Let’s start by writing some Python code to use the TensorFlow library to build a model for the Digit Classifier based on the MNIST dataset.

1. Import Necessary Libraries

import numpy as np
import matplotlib.pyplot as plt
import seaborn as sns
import tensorflow
import keras

2. Import the Dataset

We can read the MNIST dataset using TensorFlow and load it directly into the application as a train and test dataset.

(X_train,y_train),(X_test,y_test) = keras.datasets.mnist.load_data()

3. Data Exploration

Let’s see what this data looks like.

X_train.shape

y_train.shape

plt.imshow(X_train[10])

4. Data Preprocessing

To make the predictions, we translate the pixel data into floating-point numbers.

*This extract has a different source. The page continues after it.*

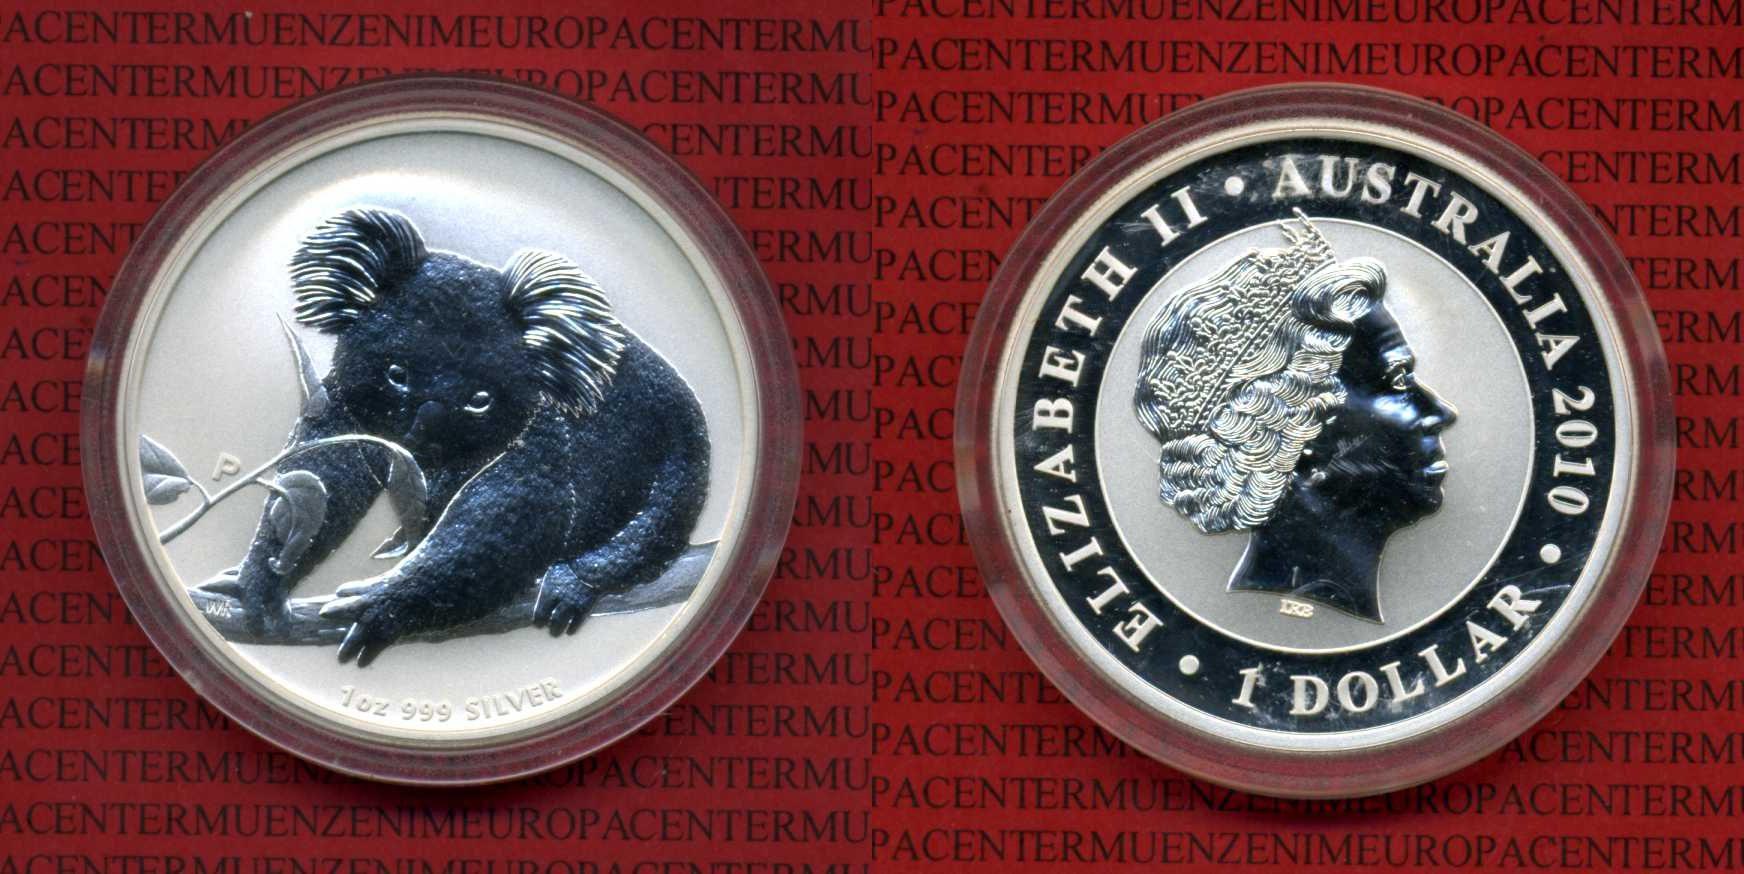 1 Dollar Koala Unze 2010 Australien Australia Australien 1 Dollar 1 Unze Silber 2010 Koala mit Kapsel Stempelglanz in Kapsel
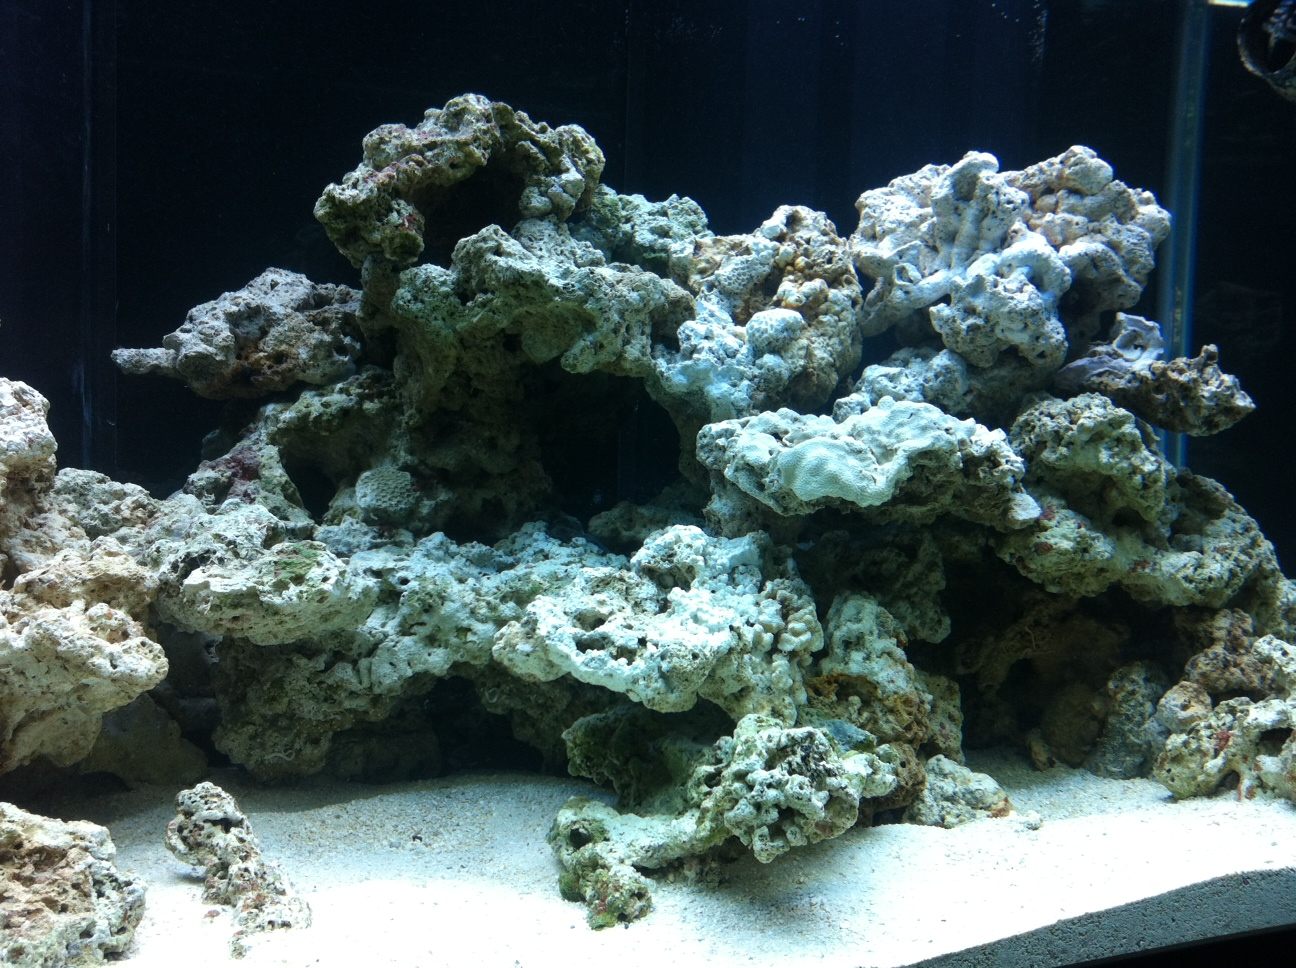 120 Gallon Reef Display: Upgrading

As the numbers become smaller and the computation becomes simpler and faster, changing the integers into grayscale values will be advantageous. Since pixel values vary from 0 to 256, the range is 255 except for 0. Thus, multiplying all of the numbers by 255 will change the range to be from 0 to 1.

# Normalization of all values between 0 and 1 (to grayscale)
X_train = X_train/255
X_test = X_test/255

5. Model Building

1. The Sequential model is restricted to single-input, single-output stacks of layers and allows us to build models layer by layer as needed in a multi-layer perceptron.
2. Without altering the batch size, flatten flattens the input that is given. For instance, flattening adds an additional channel dimension and produces an output shape of (batch size, 1) if inputs are shaped as (batch size,) without a feature axis.
3. The sigmoid activation function requires activation.
4. The first two dense layers—which are also the hidden layers—are used to create a fully connected model.
5. The output layer, the final densest layer, comprises 10 neurons that select the category to which the image belongs.

# Model Building 
from tensorflow.keras.models import Sequential
from tensorflow.keras.layers import Flatten
from tensorflow.keras.layers import Dense
from tensorflow.keras.layers import Activation
model = Sequential()
# reshape into 1-dimensional data
model.add(Flatten(input_shape=(28, 28)))

# dense layer 1
model.add(Dense(256, activation='relu')) 

# dense layer 2
model.add(Dense(128, activation='relu')) 

# output layer
model.add(Dense(10, activation='sigmoid'))

# Model summary 
model.summary()

model.compile(loss="sparse_categorical_crossentropy",
              optimizer="Adam",metrics=["accuracy"])
model.fit(X_train,y_train,epochs=25,validation_split=0.2)
results = model.evaluate(X_test,  y_test, verbose = 0)
print('test loss, test acc:', results)

6. Model Prediction

Now, let’s try predicting digits from the test data itself to check how accurate this model is performing.

plt.imshow(X_test[22])

model.predict(X_test[22].reshape(1,28,28)).argmax(axis=1)

In the next article, I am going to give a brief Introduction to Deep Learning and AI. Here, in this article, I try to explain Multi-Layer Perceptron Digit-Classifier using TensorFlow. I hope you enjoy this Multi-Layer Perceptron Digit-Classifier using the TensorFlow article. Please post your feedback, suggestions, and questions about this Multi-Layer Perceptron Digit-Classifier using the TensorFlow article.